Document Knowledge Extraction#
Three-stage map-reduce LLM pipeline: Map (~6K char window summarization) → Reduce (300-600 word synthesis) → Extract (structured entity + relationship extraction). Supports PDF, DOCX, TXT, Markdown, HTML, EPUB with source provenance tracking, cross-window deduplication, and cross-source merge protection.
Designer Studio#
5 design modes: deck / document / landing / app_mockup / storyboard. Sandbox interactive runtime, critique-fix loop, editable export (PDF / HTML / PNG / PPTX), publishable interactive link sharing.
Multimodal Capabilities#
- Voice: Local faster-whisper STT + Kokoro TTS (10 voices), audio never leaves the device
- Vision: Camera capture, screen capture, workspace image analysis
- Image/Video Generation: Connected to OpenAI, Google (Imagen 4 / Veo), xAI (Grok Imagine / Grok Imagine Video)
Automation & Connectivity#
- Tools: Search (Tavily/DuckDuckGo/Wikipedia/Arxiv/YouTube/URL Reader), Gmail/Calendar, sandboxed filesystem, Shell (3-level security), Chromium browser automation, X (Twitter) OAuth 2.0 PKCE, health tracking (medication/symptoms/exercise/mood/sleep + Plotly charts)

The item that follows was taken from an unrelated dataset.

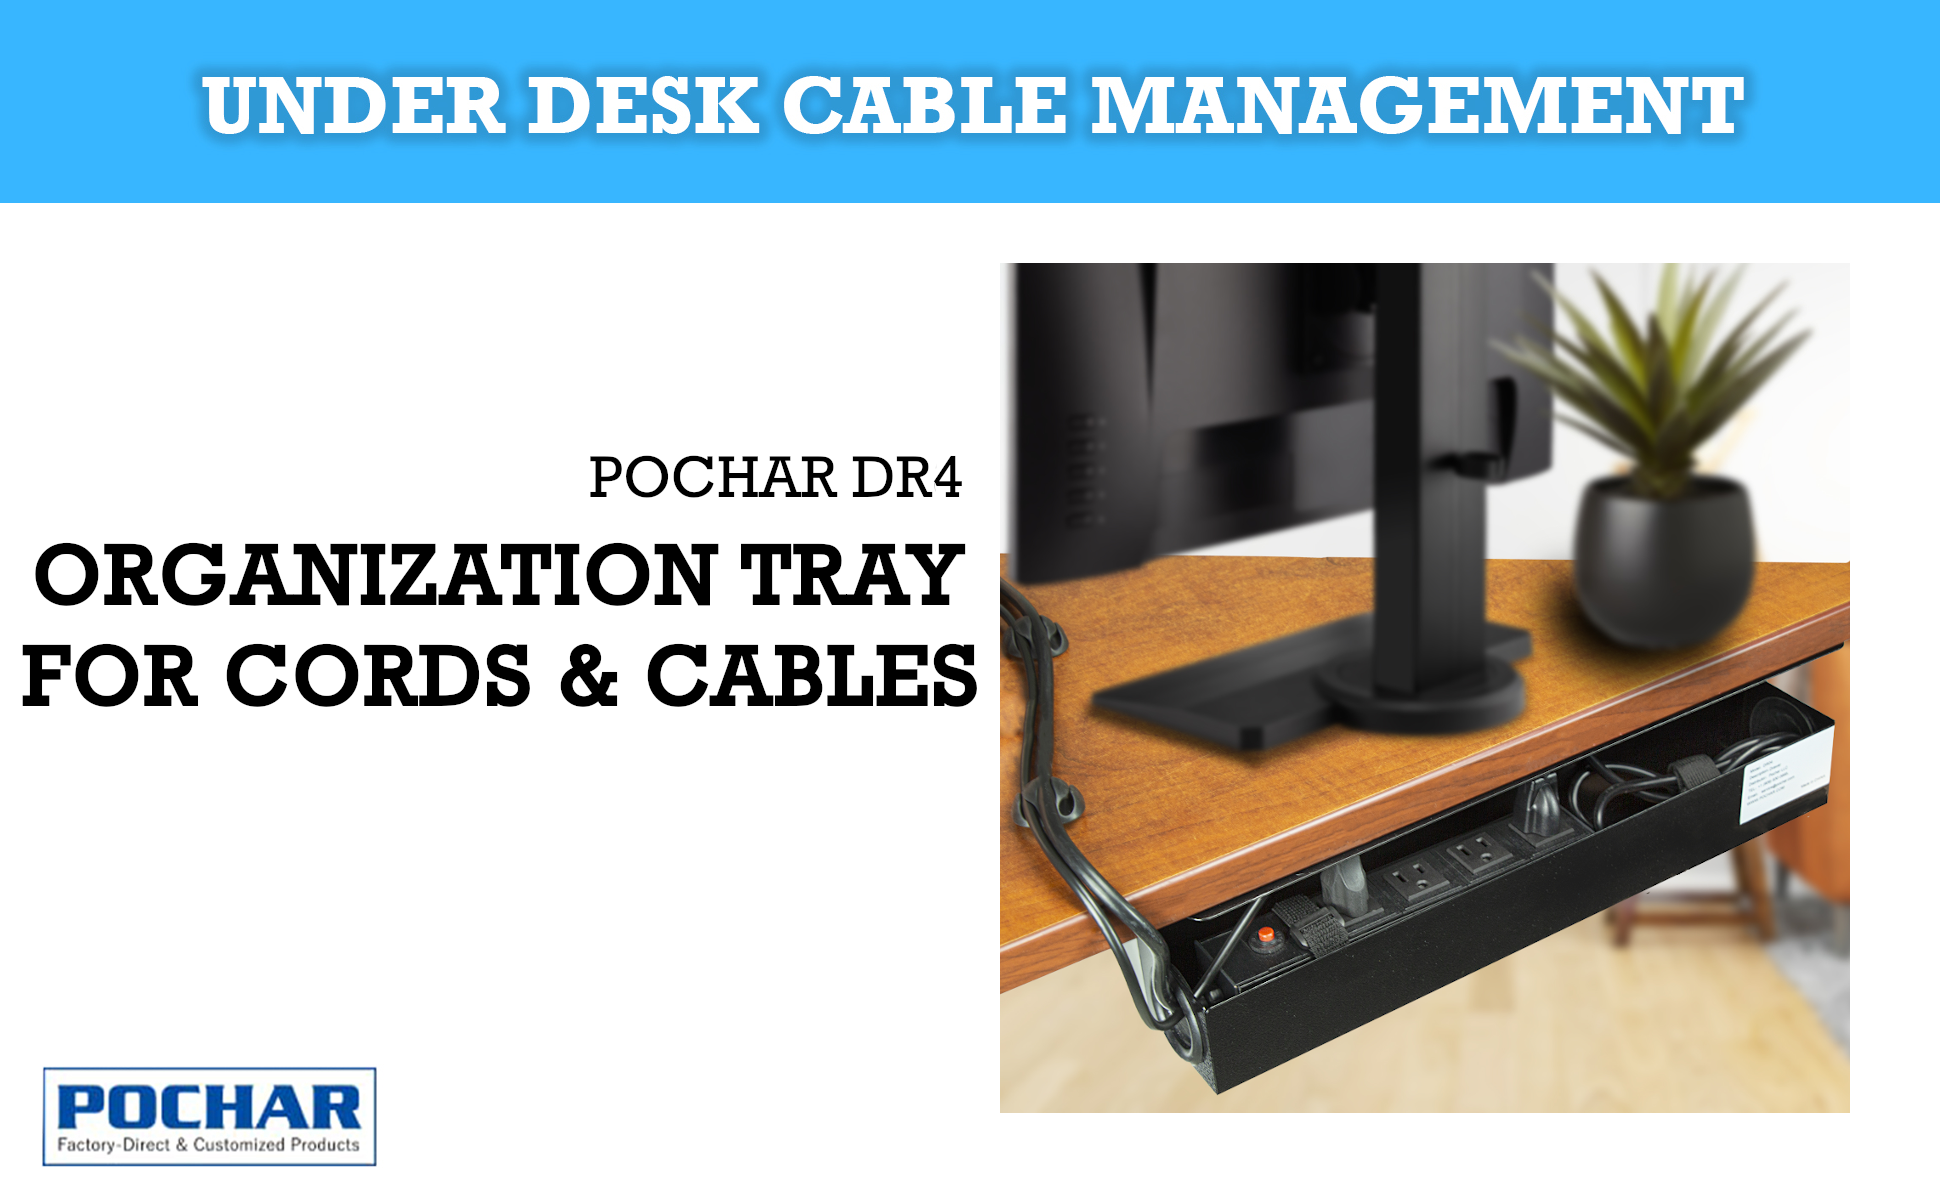 POCHAR-DR4-16-inch-Under-Desk-Cable-Management-Tray

- Workflow Engine: 7 schedule types (daily/weekly/weekdays/weekends/interval/cron/delay), Webhook triggers, conditional branches, approval steps, subtasks, concurrency groups, per-workflow model/tool overrides
- Message Channels: 5 built-in channels (Telegram, WhatsApp, Discord, Slack, SMS/Twilio) with streaming, emoji reactions, approval routing, Tunnel (ngrok) management
- MCP Client: Supports stdio / Streamable HTTP / SSE transport protocols for connecting external tool servers
Privacy & Security#
- No accounts, no servers, no telemetry
- API keys stored in OS credential storage (Windows Credential Manager / macOS Keychain / Linux Secret Service)
- Filesystem sandbox (workspace folder only)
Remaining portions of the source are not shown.